Physicists and Molecular biologists at the University of California San Diego came together to study how distant regions of lymphocyte genes recombine. Scientists investigated how the variable region (V), diversity region (D), and joining region (J) of the lymphocyte DNA manage to maintain chromosomal organization and the flexibility to recombine. Lymphocyte cells degrade foreign antigens and must be genetically diverse because each lymphocyte cell is genetically designed to target one specific antigen.

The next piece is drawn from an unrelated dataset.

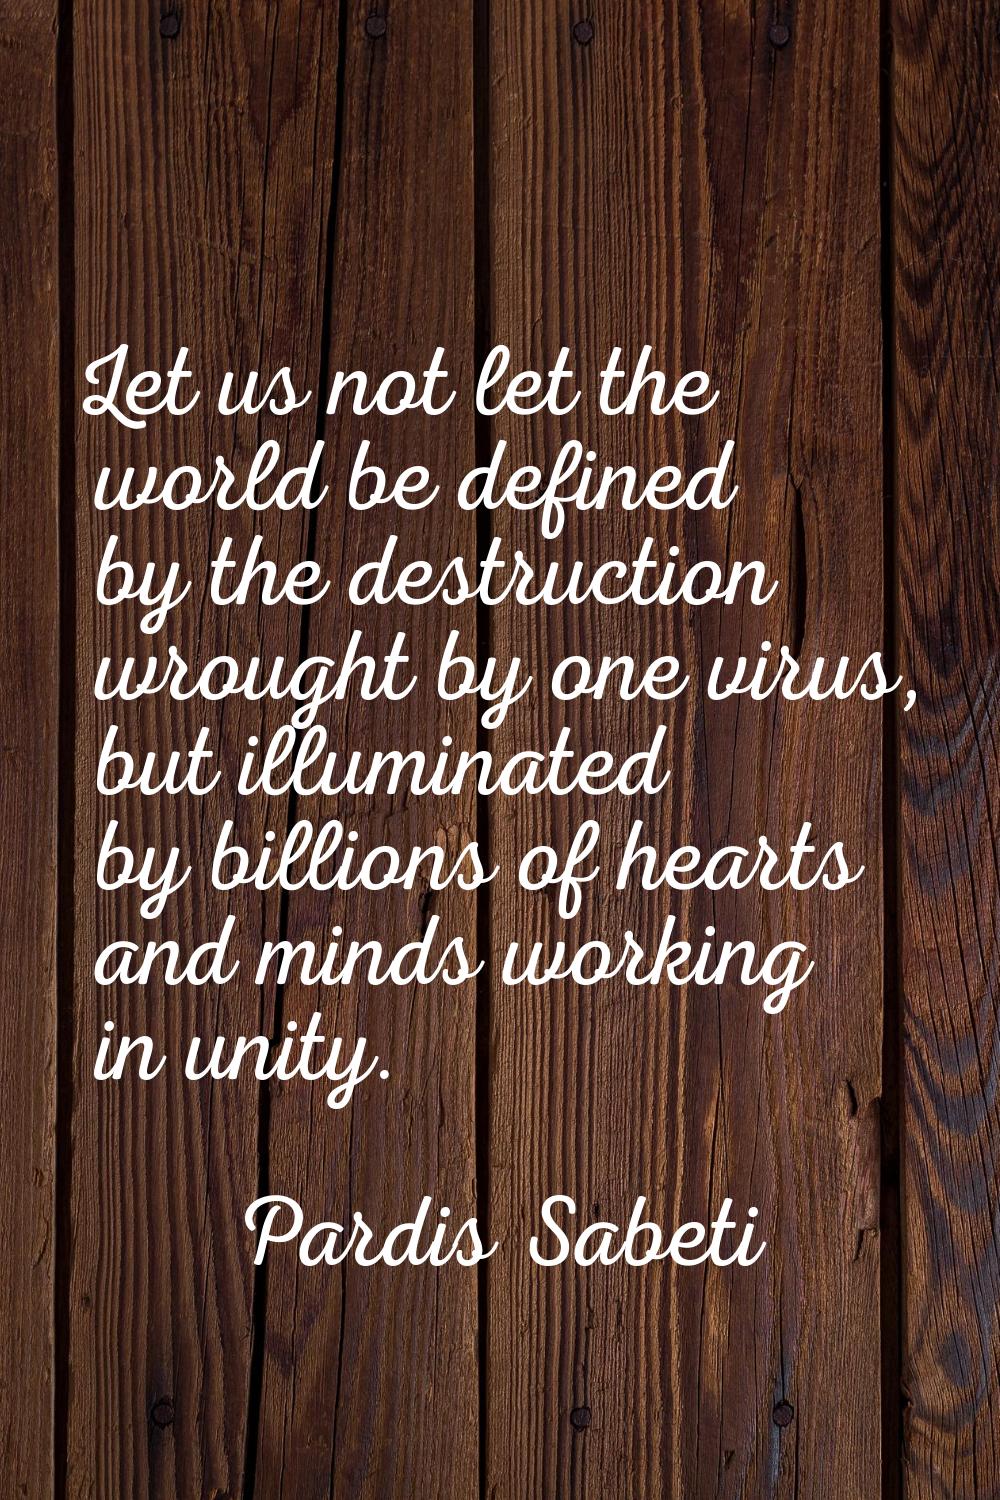 Let us not let the world be defined by the destruction wrought by one virus, but illuminated by bil

The group used live mammalian B-lymphocyte cells to observe and analyze the motion of the DNA inside and to study how that motion affects antibody production. Local motion data showed that the V, D, and J regions stayed cemented in place on the chromosome, but DNA within the regions reached out to recombine with faraway genes. This reach is allowed by bridges, characteristic of a gel-like matter. The group concludes that the DNA enters a transition state of matter between solid and liquid for recombination. The gel transition state is flexible enough to allow the DNA to reach a massive library of genes and ensure genetic adaptability. However, the gel is stable and keep genes in a designated place on the chromosome. Stability of chromosomal organization ensures that when a B-lymphocyte receptor identifies an antigen, genes coding for more of that lymphocyte can be easily retrieved and transcribed.
Chromosomal organization dictates many things, including the frequency of gene transcription, which genes interact with each other, and cell fate. Understanding the chromosomal organization and mechanisms of the V, D, and J regions is complicated because mammals have many regions of each type. This study contributes detail to a mechanistic understanding of B-lymphocyte genomics.